Надо было думать, а я никак не мог перестать смотреть на свои покрытые кровью руки. Ну как же так?
С другой стороны, я прекрасно понимал: заслужил всего этого и даже больше. Хорошо, что жизнь часто расставляет все по своим местам.
Эта мысль мне даже помогала. Приятно участвовать в торжестве справедливости.
Надо было что-то решать, а идея все не шла.
Нет, думал я, мозг, куда же ты умотал, мы с тобой еще не закончили. Ведь самый ответственный момент же! Пока думал, разматывал проволоку, чтобы рука свободно проходила в кольцо и выскальзывала из него.
Наконец, я снял с шеи цепку и затаил ее в зажатом кулаке. Не густо, но кое-что.
Мысль о том, чтобы вернуть руки в кольцо из проволоки, пусть и изрядно ослабленное, навела на меня ужас.

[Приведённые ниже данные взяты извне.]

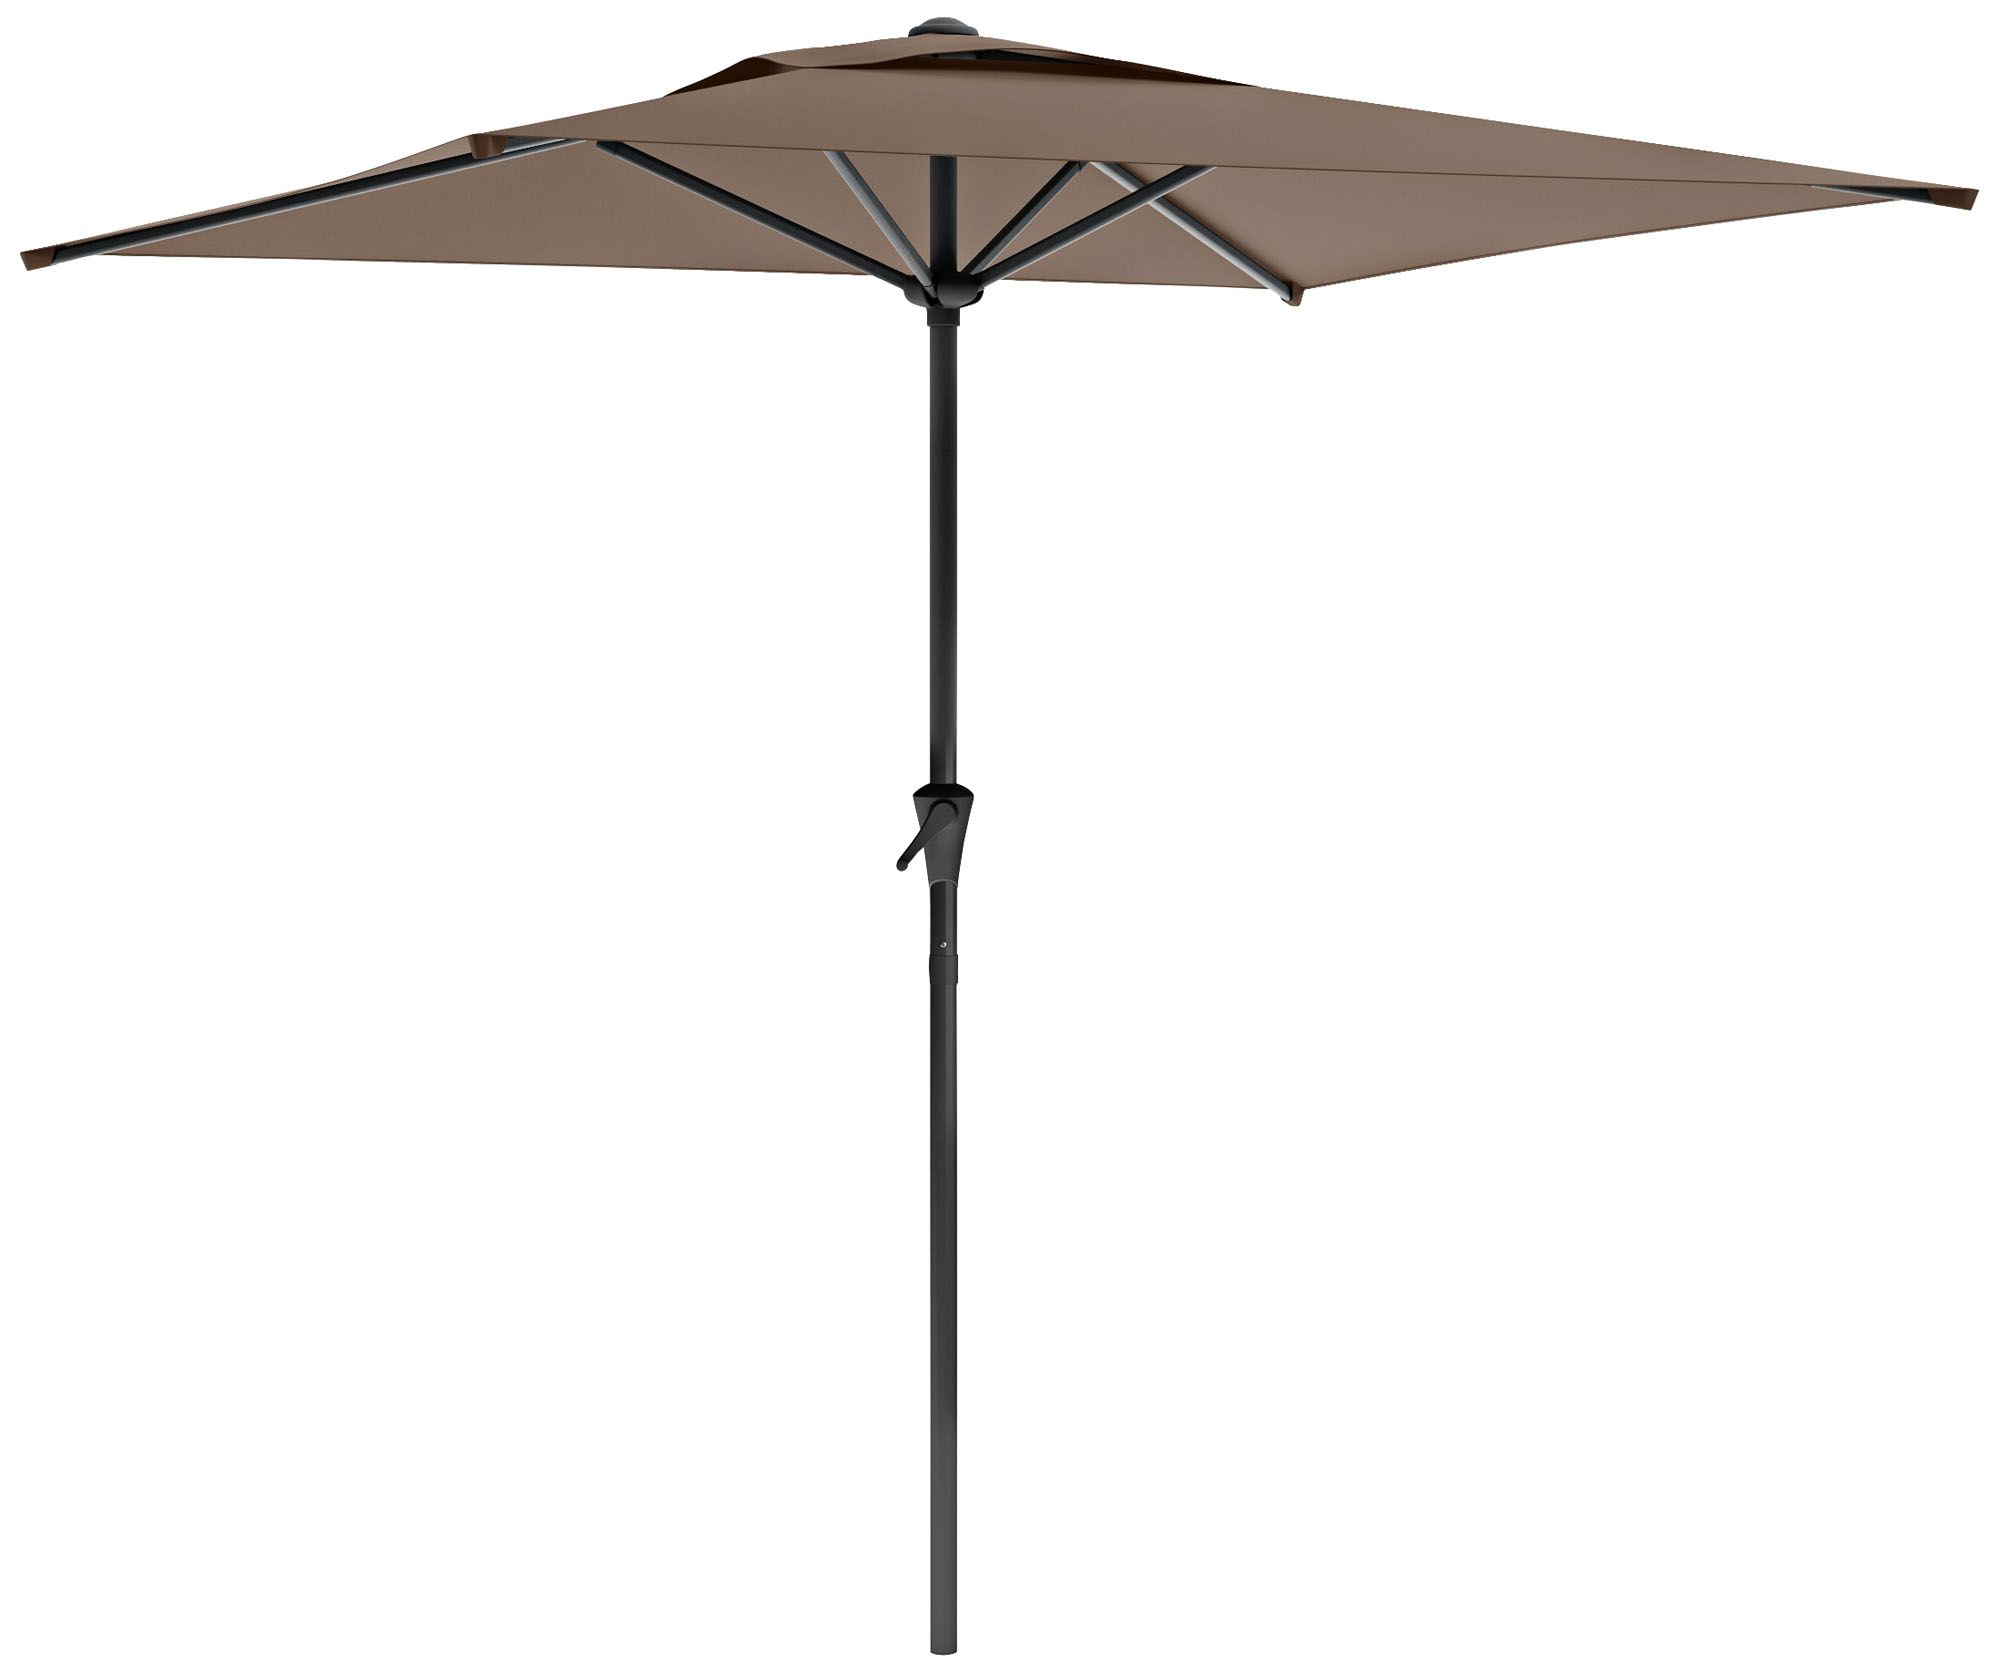 Shala 9 Foot Sandy Brown Tilting Square Patio Umbrella

— Тихо, тихо, — сказал я. — Тихо, Васенька. Давай же.
Я все-таки вернул руки в исходное положение. Цепь, зажатая в кулаке, придавала уверенности. Я понимал, как ее использовать, но вот при каких обстоятельствах?

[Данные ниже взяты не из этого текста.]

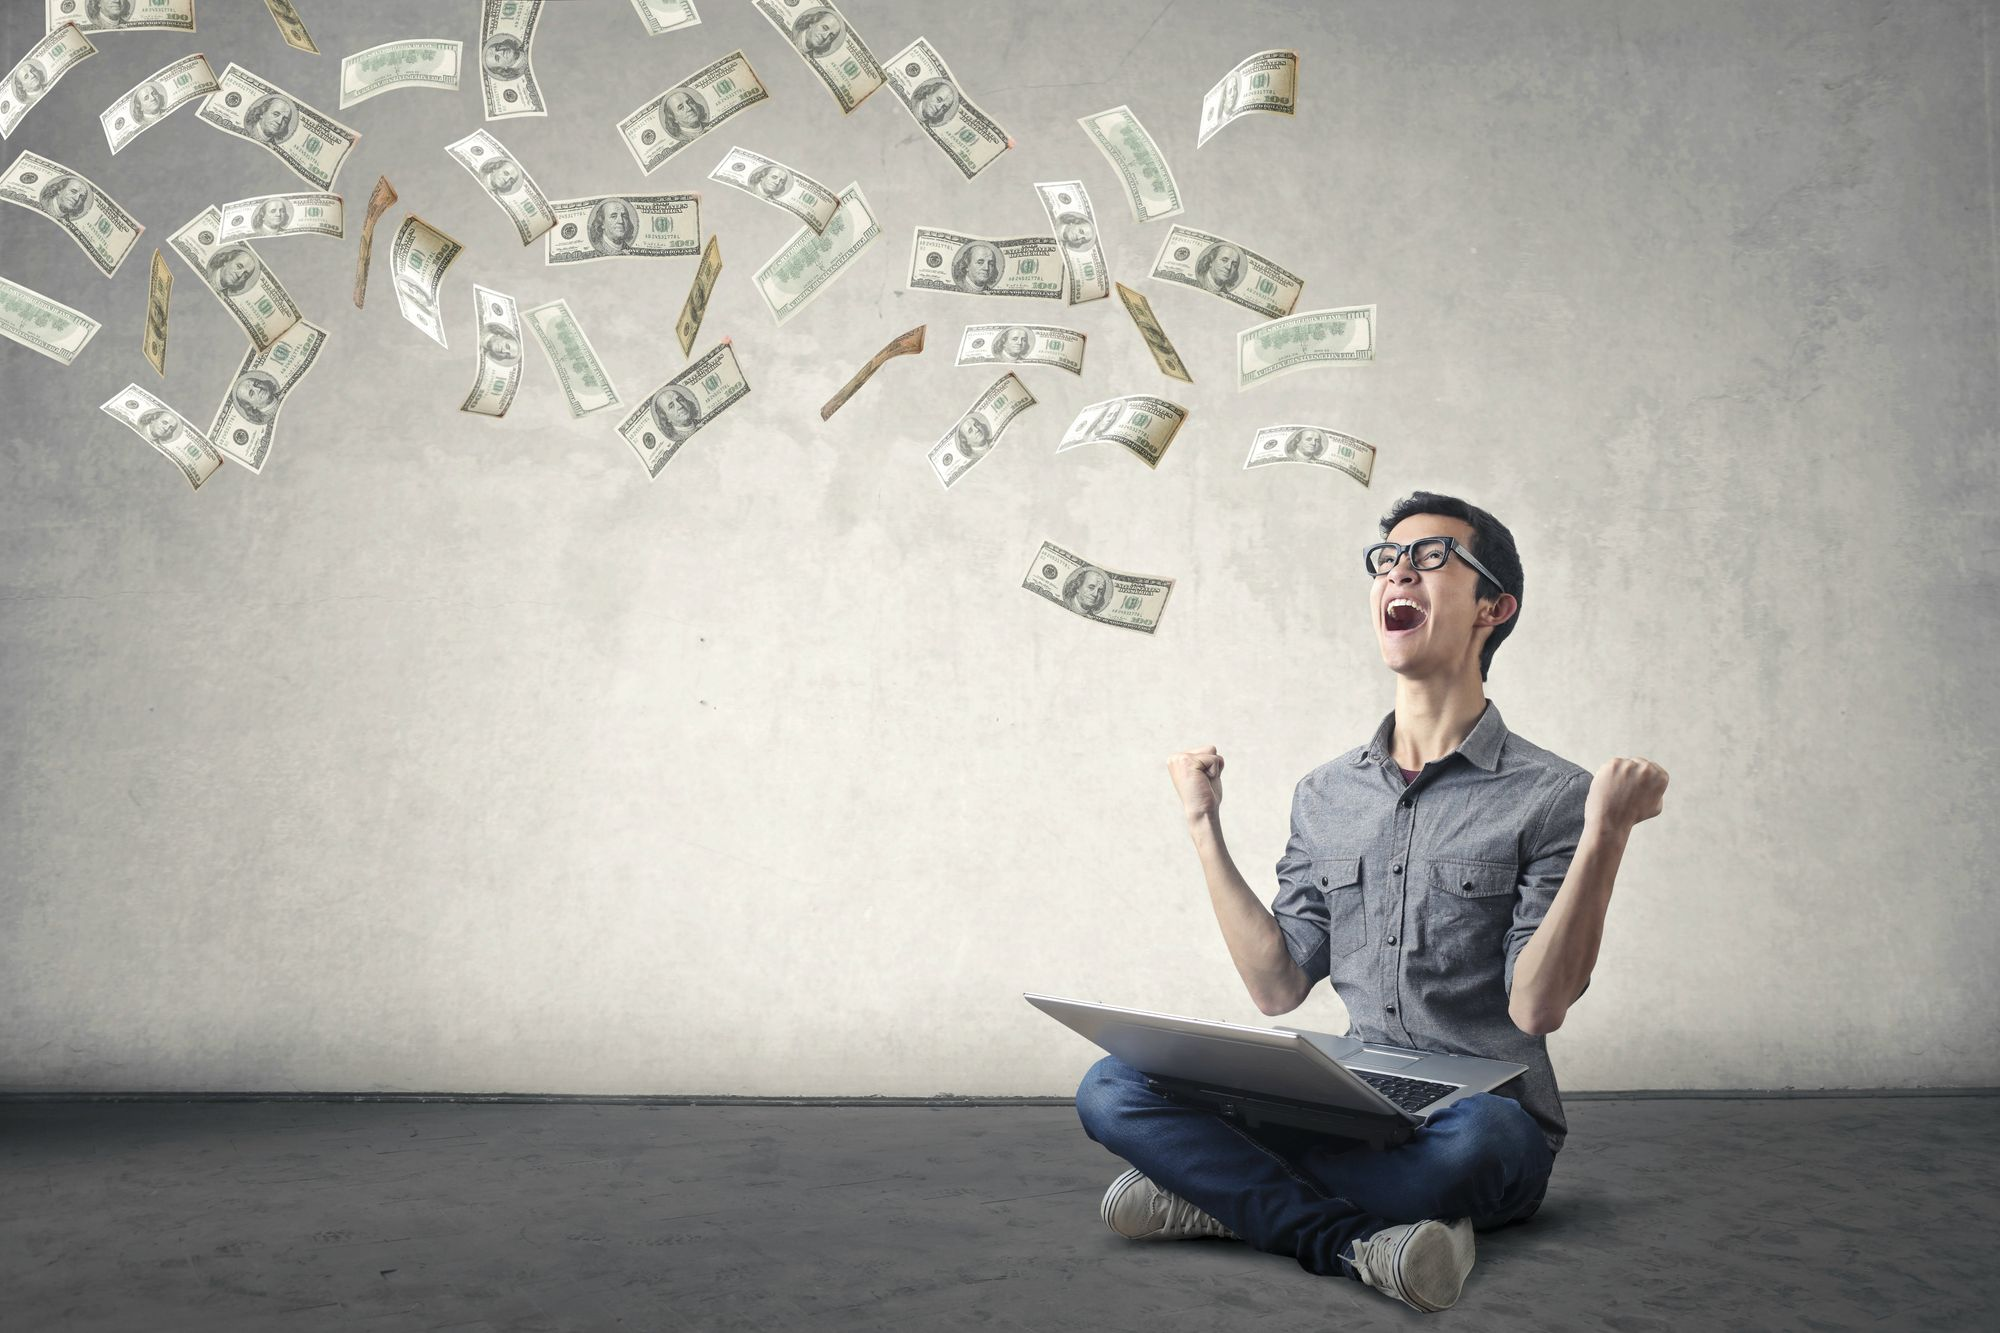 The Complete Freelance Web Developer Guide How To Make Money Through Freelance Programming Jobs

Через полчаса вернулся Стинки. Он улыбался, и я едва удержался от того, чтобы тоже ему улыбнуться. У меня была маленькая тайна, а у него никакой от меня тайны не было. Зря он улыбался. А вот я сдержался не зря, потому что Стинки пришел не поболтать.

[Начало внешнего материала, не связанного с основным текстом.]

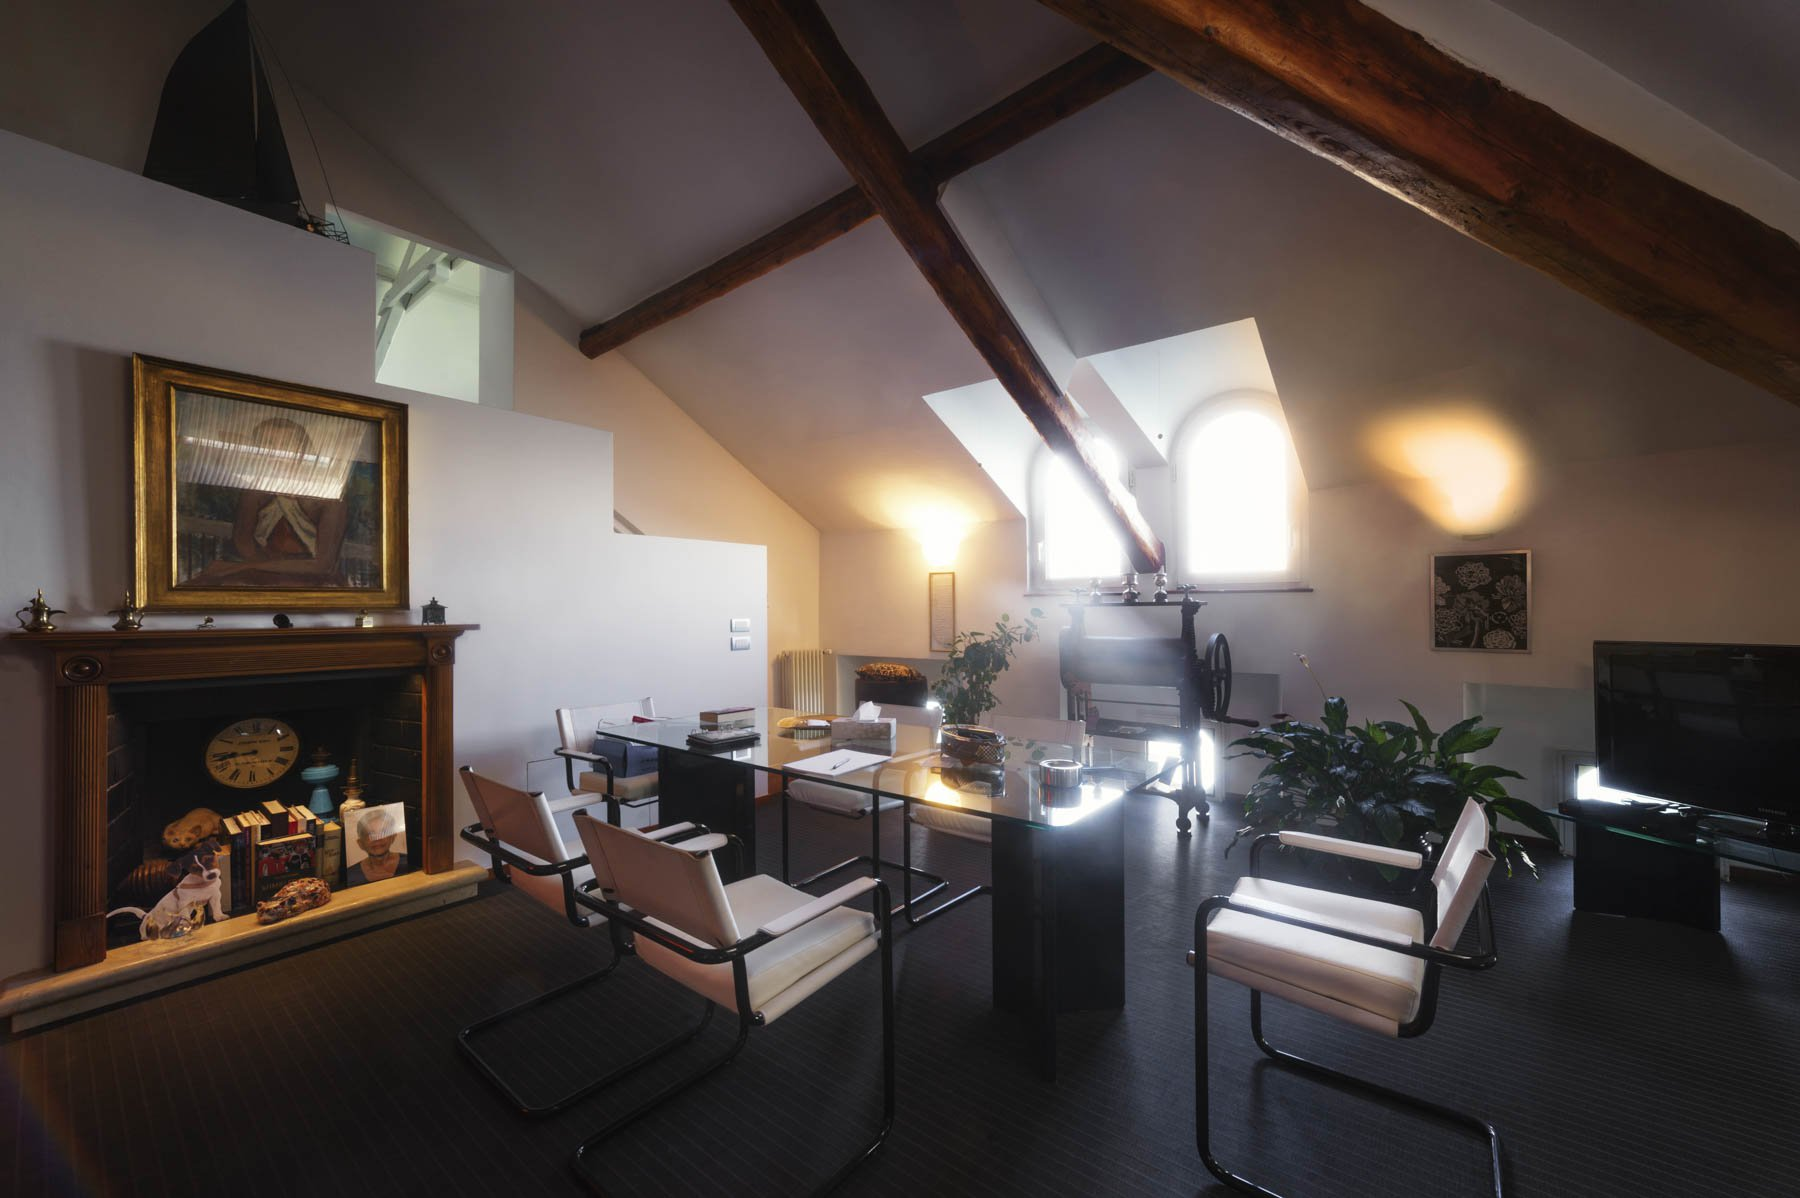 Apartment for sale in Baveno, inside a historic lake front villa - study

Он снова взял пассатижи. Я помню их очень и даже слишком хорошо. Обитые красной резиной ручки, блестящие, новенькие тиски, я помню даже, как на них ложилось солнце заката. Очень красиво, надо сказать.
Стинки лихо крутил пассатижи в руках. Такие руки могли бы принадлежать, например, хирургу. Стинки был для этого достаточно ловкий и безжалостный.
Он сказал мне:
— Ну что, подумал?
Только тут я понял, какие они молодцы. Бросили меня наедине с мыслью о пассатижах. Если бы я не нашел себе занятие самостоятельно, хрен знает, что бы я уже надумал.
От Стинки пахло маслом, вкусной жаренной картохой, и я понял, что очень хочу есть. Настолько, что я готов был вцепиться Стинки в нос и отгрызть его. С трудом сдержался, честно. Стинки наклонился ко мне близко-близко, открыл кривозубый рот.
— Я тебя слушаю!
— Не, — сказал я, втянув носом сопли. — Слушай, может, кончать меня пора? Заебался я уже.
Стинки покачал головой, он сделал это как-то ритмично, может, даже мелодично, словно в голове у него играла неслышимая мне музыка.
— Нихуя ты не понял, — сказал он. — Зажмуришься, когда все расскажешь.
Ну, да. Это я так, решил просечь, сколько там времени у меня, хотя бы в теории.
— А теперь, — сказал Стинки. — Открой рот.
Ему несомненно было известно о том, что все мы родом из детства, и примерно оттуда мы несем с собой страх зубных врачей.
Рот я открывать не стал, и, пока Стинки разжимал мне челюсти, до меня дошло, как действовать-то надо, дошло, какое я отыграю представление.